We all use search engines so much, and they are so important in our daily lives, yet they remain one of the most poorly researched media venues out there. Yes, we're getting new labs like the one from Yahoo at UC Berkeley. But most search behavior studies outside of the search engines have depended on ancient search logs from places like Excite from back in 2001 or so. Newer studies, if the search engines are doing them, simply don't come out often. So the intention to promote learning with this release was innocent, if not honorable. The execution was poor and inexcusable.
This is the second major milestone in raising awareness of search privacy issues this year. The first was the Department of Justice action, which rightly focused on whether we need more safeguards over what governments can request. Today's upset highlights the protections that are needed again corporate releases of data.
The good news is that perhaps it will spur better protections even more. Microsoft, Google & Others Call For Unified Federal Privacy Protection covers how the major search engines recently asked for better legal protections from the government. But perhaps the search industry itself will move forward to develop better privacy standards. I've hoped recently for some type of Search Privacy Bill Of Rights. Since I doubt the government will act quickly, perhaps the industry will go faster before a third incident causes searchers to completely lose faith in them.
AOL's Jason Calacanis, who runs Netscape, is proposing that AOL not keep search records at all. That might sound like a nice idea, but it's not practical. To not keep records raises issues with click fraud, plus with internal tracking to determine how to improve a search engine itself in how it responds and feeds queries. Putting better limits on how long data is kept might help, as might developing ways to somehow remove personally identifiable information that might get into search records.
Then again, Ixquick recently tried a PR push on how it doesn't keep records. Perhaps that's going to be a way for some players to win new users. Just make sure you also use some tool like Anonymizer to keep your ISP from logging your actions. Otherwise, your data is still out there and being recorded in another way.
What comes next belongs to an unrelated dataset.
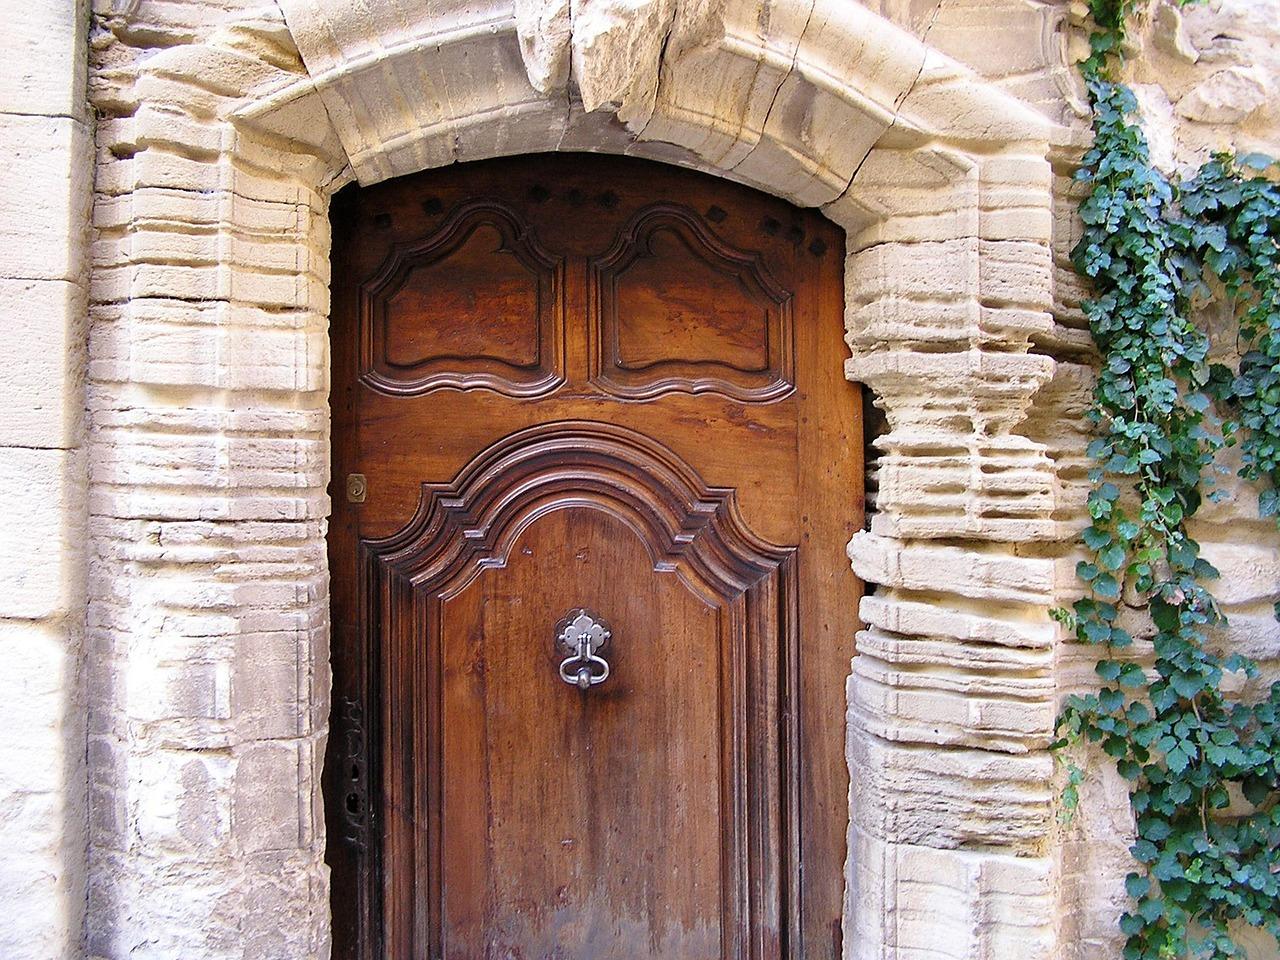 Entrance Door Antique Wooden Door - Entrance Door,antique,wooden Door,front Door,architecture - Free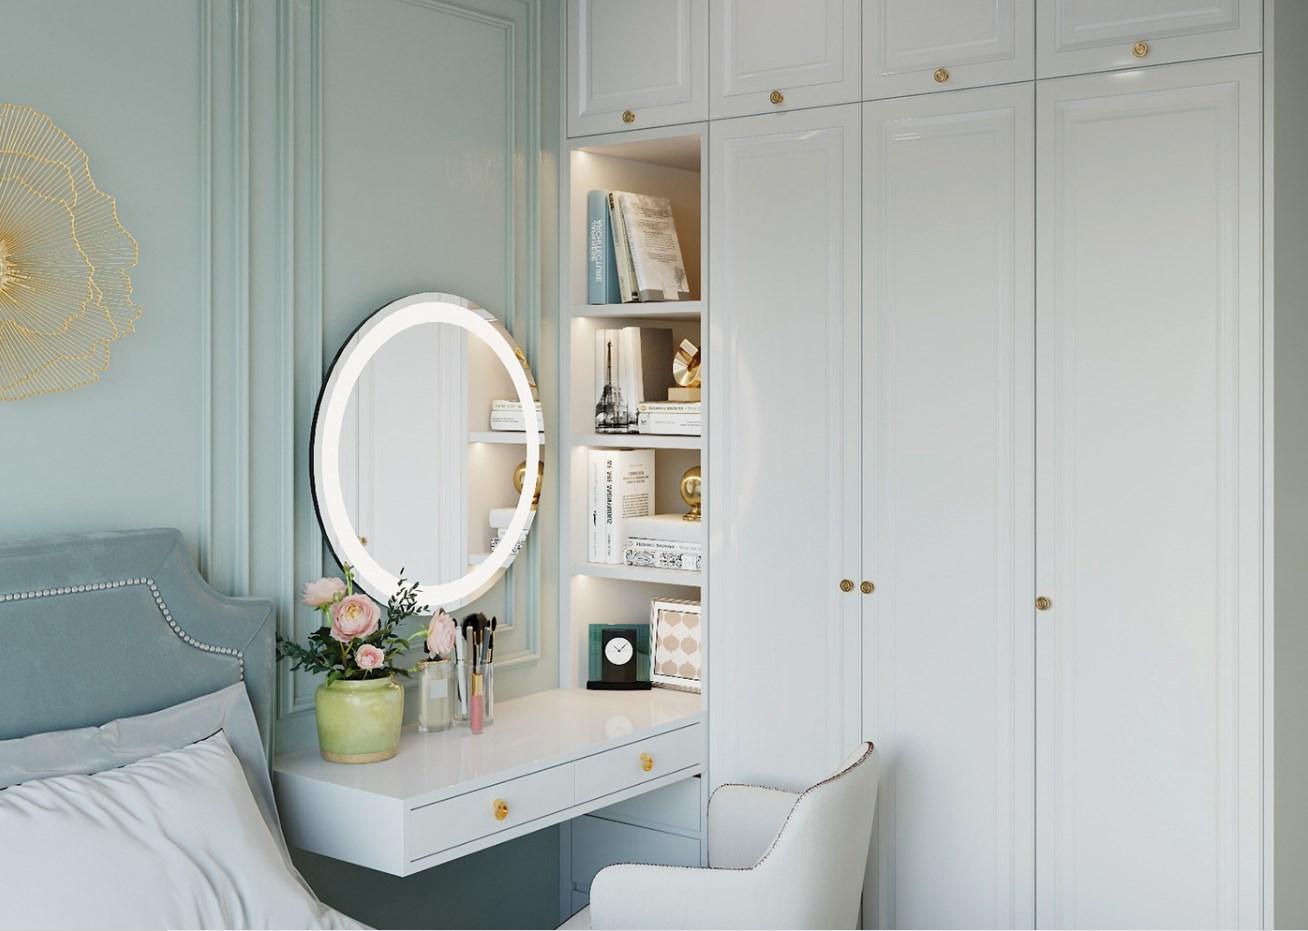 Thiết kế nội thất phòng ngủ chung cư 2021

The postscript then goes on with a long list of links to stories about search privacy issues, so check it out, if you want to read more background about the issue.
Next, via TechCrunch, the AOL Search Database is a new site that has taken all the data and allows anyone to search through it. The site's up and down due to demand, so be forewarned. It also lacks documentation, but here's a very quick guide to what I've played with so far.
User ID: To see the searches done by a particular person, you enter the anonymous user number they've been given. The main problem is that I have no idea where the numbering sequence starts. For example, enter 1 into the box, and you get nothing. Enter 1083349, and that brings up the records for that user (well, it should -- when I tried, I got a database error because of a behind the scenes glitch).
Search Keywords: Enter a term here, and you'll see all the people who searched for that word. For example, entering [murder] gave me a list of everyone who looked for that word or phrases that include it (such as murder.com). I haven't tested to see if there's a way to do an exact match yet. This is also an easy way to obtain user numbers, if you want to then check out particular user records.
Date Of Search: I haven't tried it yet, but I assume this will give you all searches done on a particular day.
Website Results: Again, I didn't have a chance to play with this, but I assume if you enter a URL (say playboy.com), you'd see all the people who did a search, got that site listed and perhaps clicked through.
When you are done exploring, you can enter your findings into Valleywag's Find the scariest AOL user search record contest. So far, this isn't scary but funny: Scariest search records: AOL saves crew of Oceanic flight 815. Over at Consumerist, AOL User 231392 Illuminated is a little more scary.
Prefer to roll through the data on your own, or perhaps build a better interface for searching it? This mirror site offers the data that AOL pulled yesterday.